Na nossa sociedade e na historia da humanidade, o medo tem sido usado como instrumento de manipulação das pessoas, subjugando-as, tornando-as escravas e dominadas por determinados indivíduos, grupos ou situações. [2]
                   Hoje é comum ouvir, nos mais diversos meios de comunicação em massa à frase “reféns da violência”. As pessoas se sentem acuadas, e a projeção que fazem da violência recai sobre o medo, reflexos cabíveis nas injustiças, falta de maior rigor nas leis, a uma aceitação ou de certo modo a anestesia geral que tomamos diariamente ao banalizar a morte. É incrível o fetiche que temos pelo sangue, e suas diferentes formas que sangram nas paginas online, revistas ou sinais abertos da violência em acidentes de trânsito. Uma das essências que alimento nosso desejo pessoal é a informação, mas esse tipo de caso, o nosso fetiche pelo sangue, acaba por formatar as sensibilidades, e o que sobra é um aprisionamento nos receios e o desenvolvimento de uma psicopatia singularizada. Entendemos nesse ultimo caso, a generalização de um desejo sanguinária que acaba por ocultar as emoções.
                   A aceleração do processo de urbanização faz com que os mecanismos que aprisionam os sujeitos à clausura, se assim podemos dizer, ao aludir às barreiras do muro que separam as particularidades de seu mundo a rua, definem a especificidade da violência de forma intensa. Um dos aspectos mais visíveis se dá nas grandes cidades metropolitanas. Sons, imagens, movimentos, talvez seja uma das melhores representações desse mundo real. Mas qual realidade? Dos que vivem por si só, ou dos que pensam uma existência, não passando de meras marionetes de um sistema globalizado?
                   Por vezes, é nessas colocações, do impor e se opor a uma logica já “pré-disponível” das grandes redes urbanas capitalizadas, que vai surgindo o medo; o medo do outro (daquilo que se coloca como diferente de sua cultura), das circunstâncias que lhe dão o ar do existencialismo, das convulsões que podem acarretar fissuras nas estruturas sociais, como as crises econômicas ou, no campo ideológico da politica, sendo uma consequência latente as guerras. Não é preciso dizer muita coisa, basta policiar os sentidos e ver as transformações em sua volta ocorrerem de modo tão intenso, que por vezes fica difícil “assimilar” as circunstâncias.

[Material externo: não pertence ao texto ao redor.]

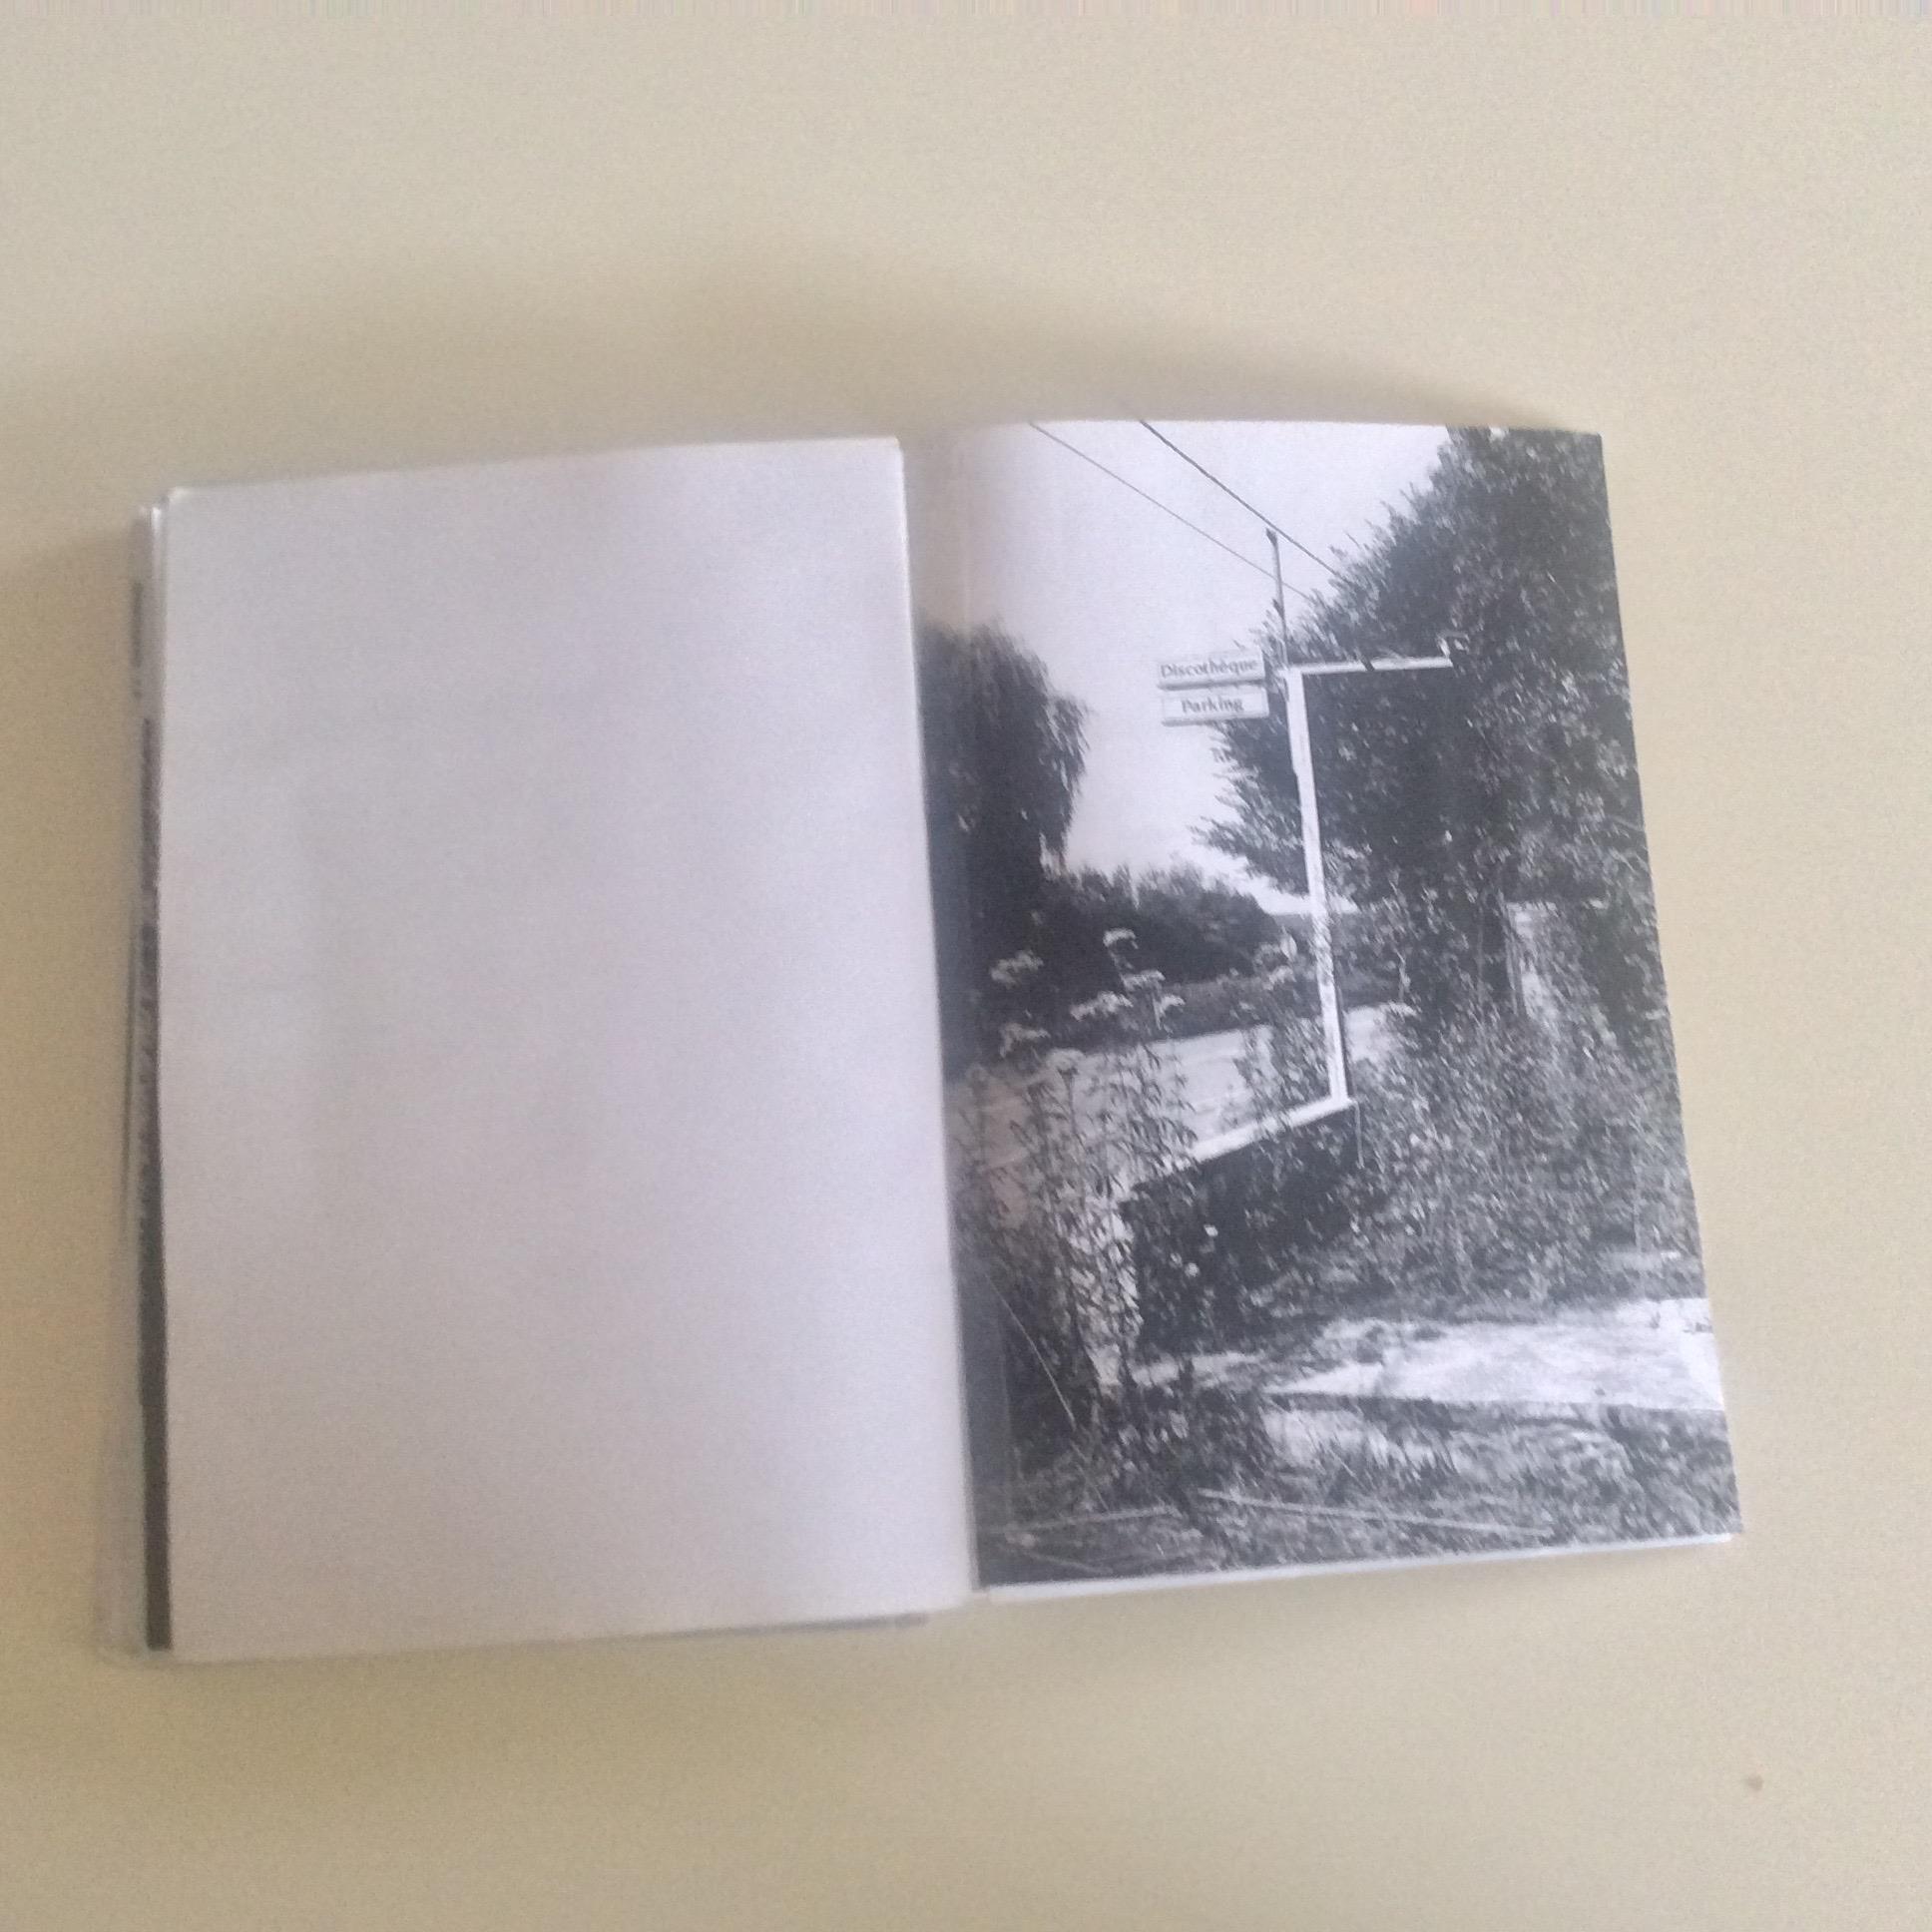 Photographies Sabrina Karp-dessin du livre Claire Jolin-les editions orange claireIMG_1494

O medo social é um medo construído socialmente, como o fim último de submeter pessoas e coletividades inteiras a interesses próprios e de grupos, e tem sua gênese na própria dinâmica sociedade. Medo produzido e construído em determinados contextos sociais e individuais, por determinados grupos ou pessoas, com vistas a atingir determinados objetivos de subjugar, dominar e controlar o outro, e grupos, através da intimidação e coerção. Esse medo leva determinadas coletividades, territorialidades em determinados espaços, a temer tal ameaça advinda desses grupos.[3]
                   Para entender o medo não basta reduzir os significados aos sujeitos da violência. É preciso problematizar outros fatores e, os estudos de Pedro Vilarinho Castelo Branco[4], nos abre um novo lócus, ao ser analisado, em seu terceiro capitulo, um questionamento por parte de alguns literatos (como Clodoaldo Freitas, Abdias Neves e Higino Cunha), de um novo perfil de masculinidade na capital piauiense. Para os literatos, a nova masculinidade definia-se pela polidez, pela boa formação intelectual e cultural.

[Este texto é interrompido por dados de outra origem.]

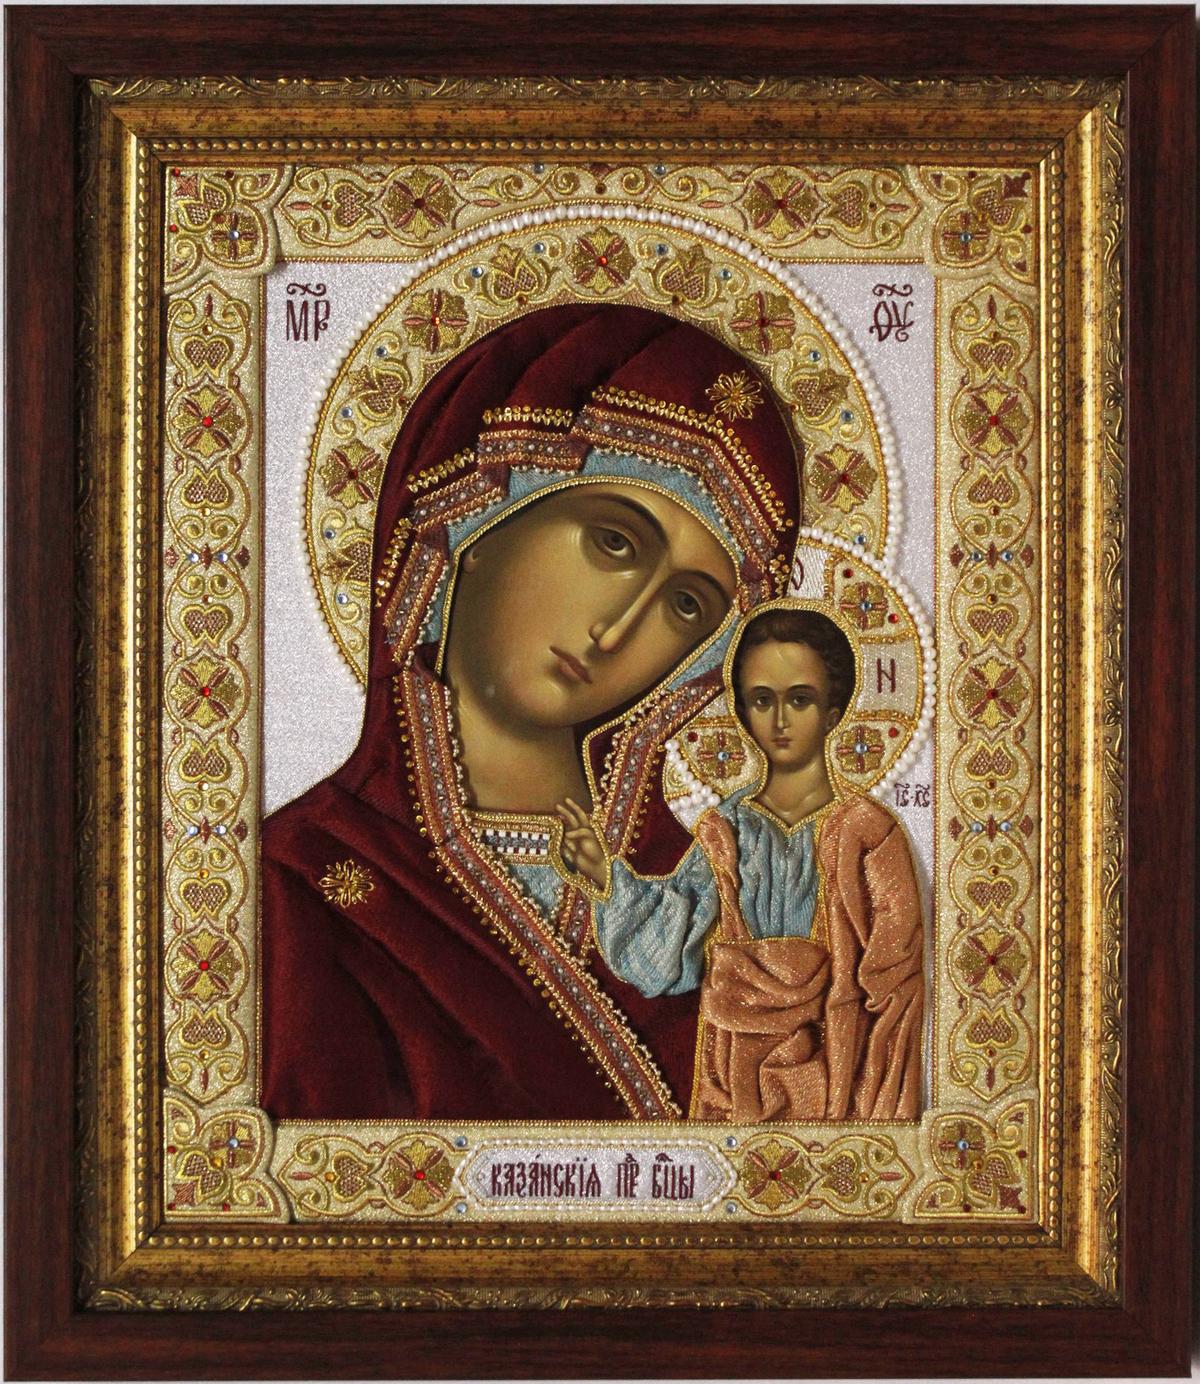 Какой Российский город с 13 века славится Золотой вышивкой по материи? 75

                   Os rompimentos com os valores tradicionais seria uma das necessidades para manter sincronia com o processo de modernização, durante o final do século XIX e inicio do século XX em Teresina. Existiu certa intransigência por uma sociedade altamente paternalista em aceitar esses comportamentos.  E o medo recai sobre a confusão feita na distinção dos gêneros, quando o homem demonstrava sensibilidade e afetividade com os filhos, logo o receio sobrepõe-se a um macho supostamente feminizado.
                   No passado, ainda durante o século XVIII, a ciência vai impondo seu discurso nos diferentes mecanismos, tanto no que diz respeito a questões de higiene, saneamento, de ordem urbanista, como no comportamento das pessoas. A validade dessas ideias é que vai se criar uma dinâmica nos grandes centros urbanos. Um dos objetivos era separar, isolar, ou nas ultimas consequências excluir os grilhões que reagem de forma contraria. Na obra de Foucault, fica evidente um mal que assombra a sociedade e, que vai assolar por muito tempo o imaginário da população campesina.

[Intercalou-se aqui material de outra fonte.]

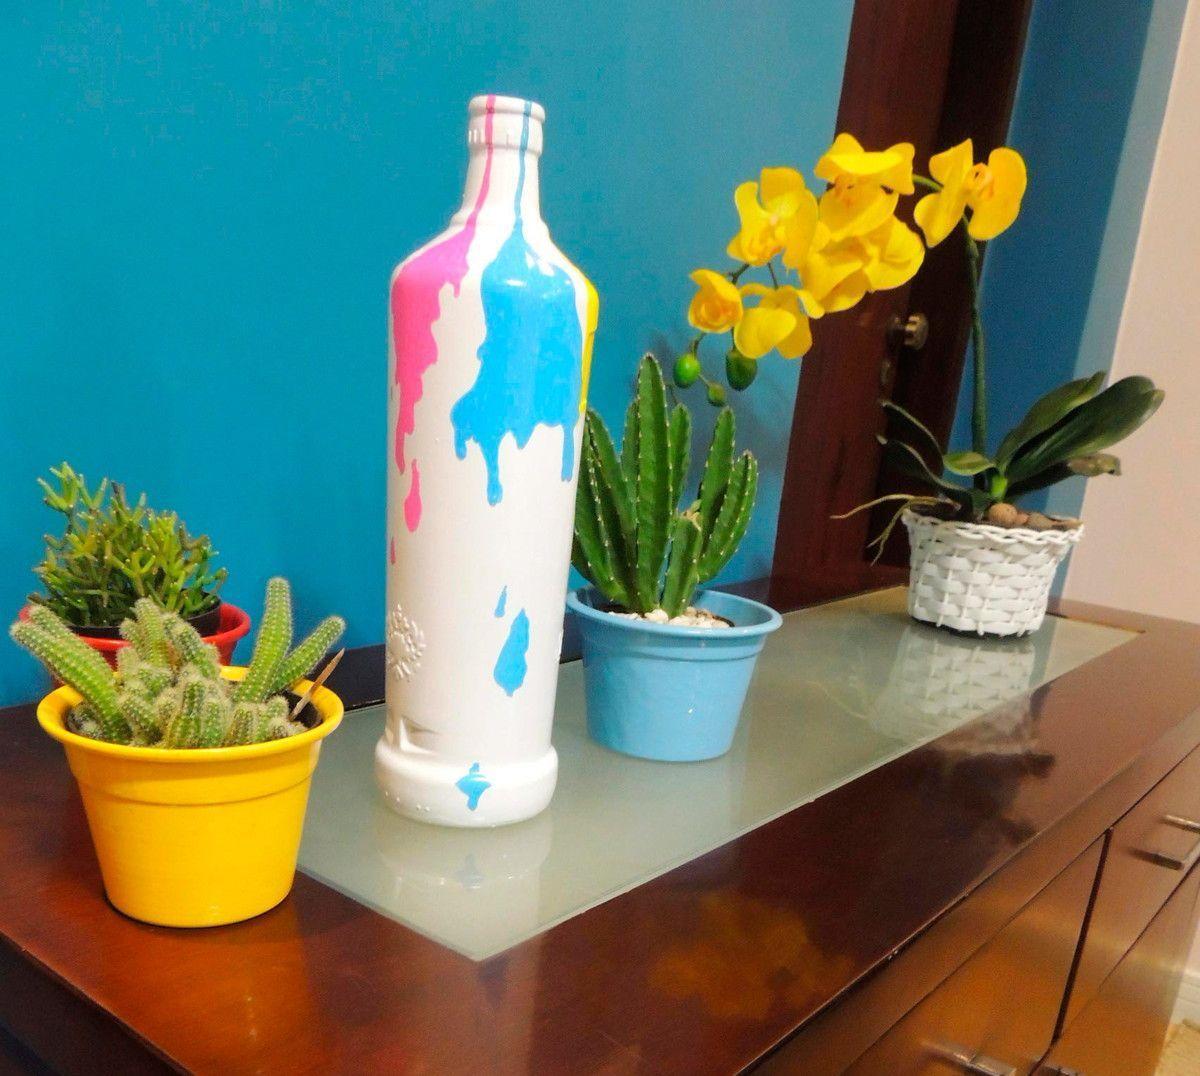 """Garrafa decorativa color por R$ 44,90 no <a href=""""http://www.elo7.com.br/garrafa-decorativa-color/dp/5E0EEA#hsn=0&df=d&uso=d&smk=0&pso=up&osbt=b-o&ss=0&sv=0"""" target=""""_blank"""">Elo7</a>"""

(...) Na época clássica, a consciência da loucura e a consciência do destino não se haviam separado uma da outra. A experiência do desatino que guiara todas as pratica do internamento envolvia a tal ponto a consciência da loucura que a deixa, ou quase, desaparecer, em todo caso arrastava-a por um caminho de regressão onde ela estava prestes a perder o que tinha de mais especifico. [5]

 Na terceira parte do livro, em “o grande medo” é possível ver um pouco dessa especificidade.
Bruscamente em alguns anos no meio do século XVIII, surge um medo. Medo que se formula em termos médicos mas que é animado, no fundo por todo um mito moral. Assusta-se com um mal muito misterioso que se espalhava, diz-se, a partir das casas de internamento e logo ameaçaria as cidades. Fala-se em febre de prisão, lembra-se a carroça dos condenados, esses homens acorrentados que atravessam as cidades deixando atrás de si uma esteira do mal. Atribui-se ao escorbuto contagio imaginário, prevê-se que o ar viciado pelo mal corrompia os bairros habitados. E novamente se impõe a grande imagem do horror medieval, fazendo surgir, nas metáforas do assombro, um segundo pânico. As casas de internamento não é mais apenas o leprosário afastado das cidades: é a própria lepra diante da cidade.[6]
                        No final do século XVII é visível à redução de leprosários[7], por conta de um ativo processo de higienização que tratou de dar uma nova fisionomia aos centros urbanos. A sacada maior, se assim podemos nos referir a esse processo de limpeza, foi o isolamento desses enfermos em áreas distantes das cidades. A loucura forma um novo imaginário do medo, no momento em que seu recanto passa a ser o centro dos leprosos, que depois da diminuição da incidência de doentes são gradativamente abandonados.  O que devemos entender nesse momento, relendo a ultima citação em destaque, é a dificuldade que as pessoas tinham de separar o “antigo mal” à loucura. Desse modo, as consequências nefastas seriam as mesmas, já que viviam e respiravam o mesmo ar da ultima enfermidade.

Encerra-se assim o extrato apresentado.